There’s a difference between tradition and ossification, and Nintendo’s been content to let this series stay the same for too damn long. What’s more, in a lot of ways it’s actually getting to be pretty annoying. The helper characters, in particular, seem to be intended to be cute, but they wind up being maddeningly insufferable. In a lot of ways, Midna, the helper character from Twilight Princess, is even worse than Tingle from Wind Waker. And I don’t know whose idea it was to make the first dungeon in the game feature a large number of monkeys that follow you around making incessent monkey noises, but they should be shot. Most annoying. sound. ever. When you have the pointer active, it also makes a shimmering sound as you move the Wiimote around. It never ever stops making this sound, and it got so damn annoying that I simply turned the pointer off completely.

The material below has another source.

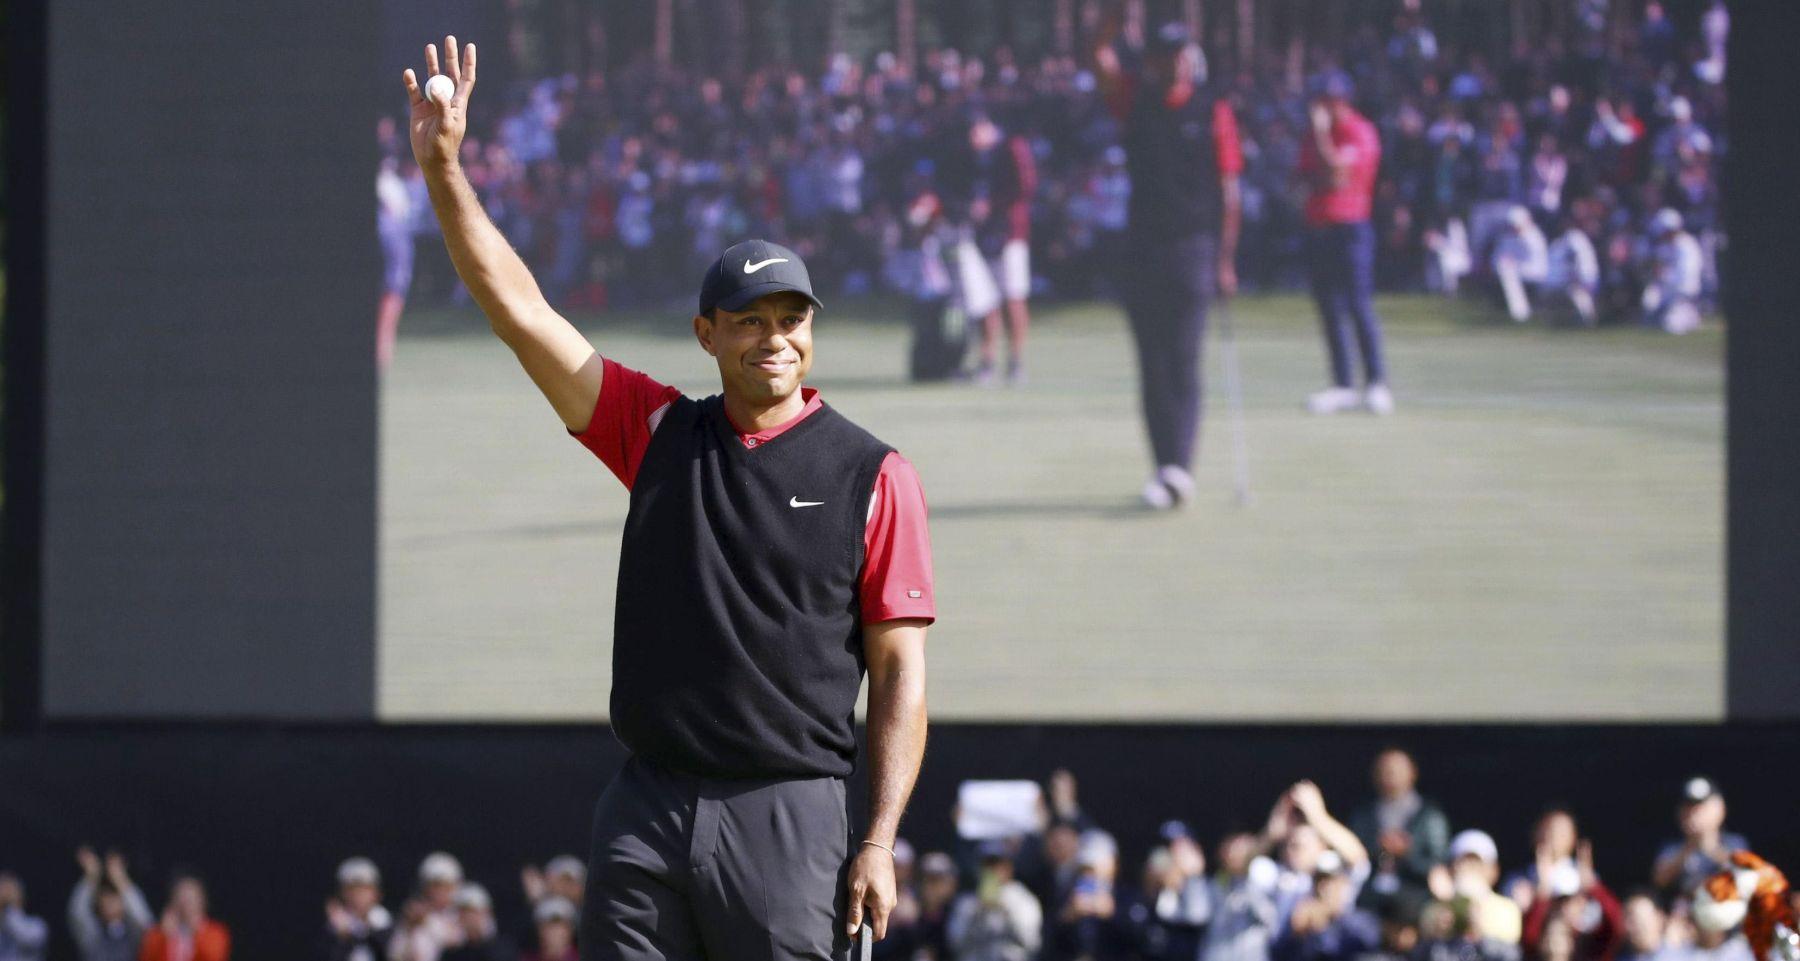 Tiger Woods 82 PGA Tour Win in Japan 001

Since every game in this series is more or less the same, outside of minor details, choosing among them is more or less a matter of deciding which style suits you best. Wind Waker had, at the very least, a graphical sensibility that was unique, whereas Twilight Princess just seems…generic. For a game that plays up its theoretically realistic graphical style, it also has to do a bit better job of representing the world; it’s fine that the Wii isn’t as powerful as a 360 or a PS3, but at the very least it should be capable of matching the best-looking games on the GameCube.

From top to bottom, Twilight Princess is a game that was transparently designed for the GameCube and hacked to work on the Wii. The controls feel kind of shoddy in a lot of ways. I guess what disappoints me most about this game is the lack of ambition and innovation. The Wii has some promising ideas behind it, but if they’re content to have their flagship title be Just Another Zelda Game(TM) then they’re getting off on the wrong foot.

I guess if you like the Zelda formula, then you’ll like this game. Speaking for myself, though, I can’t imagine how anyone really gets excited for them anymore; the recycling of game mechanics ventured into self-parody territory years ago. I really think the series needs to take a cue from Resident Evil 4 and reinvent itself completely. Heck, even the Final Fantasy games manage to make some big changes to the series’ conventions with each installation. As it is, everything about Twilight Princess, and pretty much every game in the series aside from The Adventure of Link, smacks of Nintendo being content to play it safe with their big-money series. Give me something new!

Agree, disagree? Debate it to death!